Re: How to read in a (long) UTF-8 file, incrementally?

comp.lang.ada
 help / color / mirror / Atom feed

From: "Randy Brukardt" <randy@rrsoftware.com>
Subject: Re: How to read in a (long) UTF-8 file, incrementally?
Date: Tue, 16 Nov 2021 14:23:28 -0600	[thread overview]
Message-ID: <sn1401$ubi$1@franka.jacob-sparre.dk> (raw)
In-Reply-To: sn08jf$pkq$1@gioia.aioe.org

"Dmitry A. Kazakov" <mailbox@dmitry-kazakov.de> wrote in message 
news:sn08jf$pkq$1@gioia.aioe.org...
> On 2021-11-16 12:55, Marius Amado-Alves wrote:
>> I'm worried.

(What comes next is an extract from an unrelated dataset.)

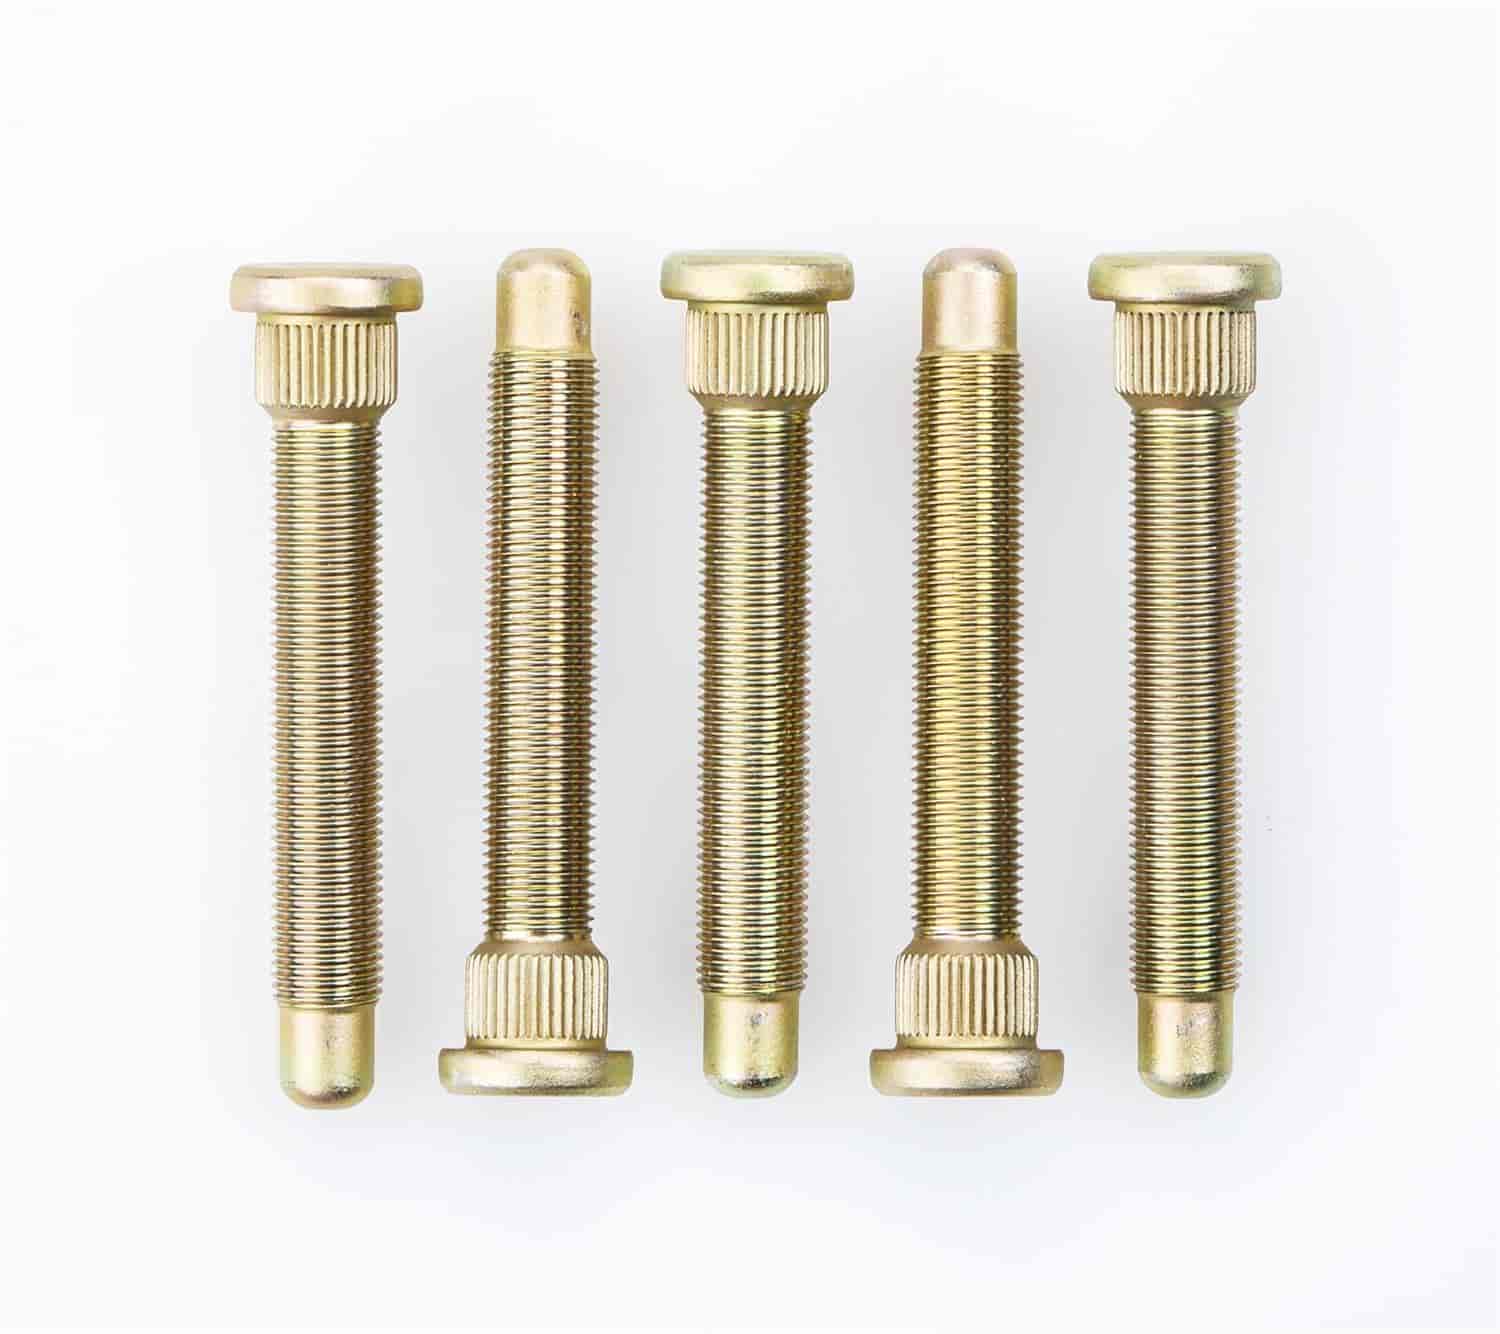 .625" Knurl Wheel Studs Most Ford front/rear and Chrysler front disc brakes

I need the concept of character, for proper text processing.
>
> Simply ignore or reject decomposed characters.

Unicode calls that "requiing Normalization Form C". ("Form D" is all 
decomposed characters.) You'll note that what Ada compilers do with text not 
in Normalization Form C is implementation-defined; in particular, a compiler 
could reject such text.

My understanding is that various Internet standards also require 
Normalization Form C. For instance, web pages are supposed to always be in 
that format. Whether browsers actually enforce that is unknown (they should 
enforce a lot of stuff about web pages, but generally just try to muddle 
through, which causes all kinds of security issues).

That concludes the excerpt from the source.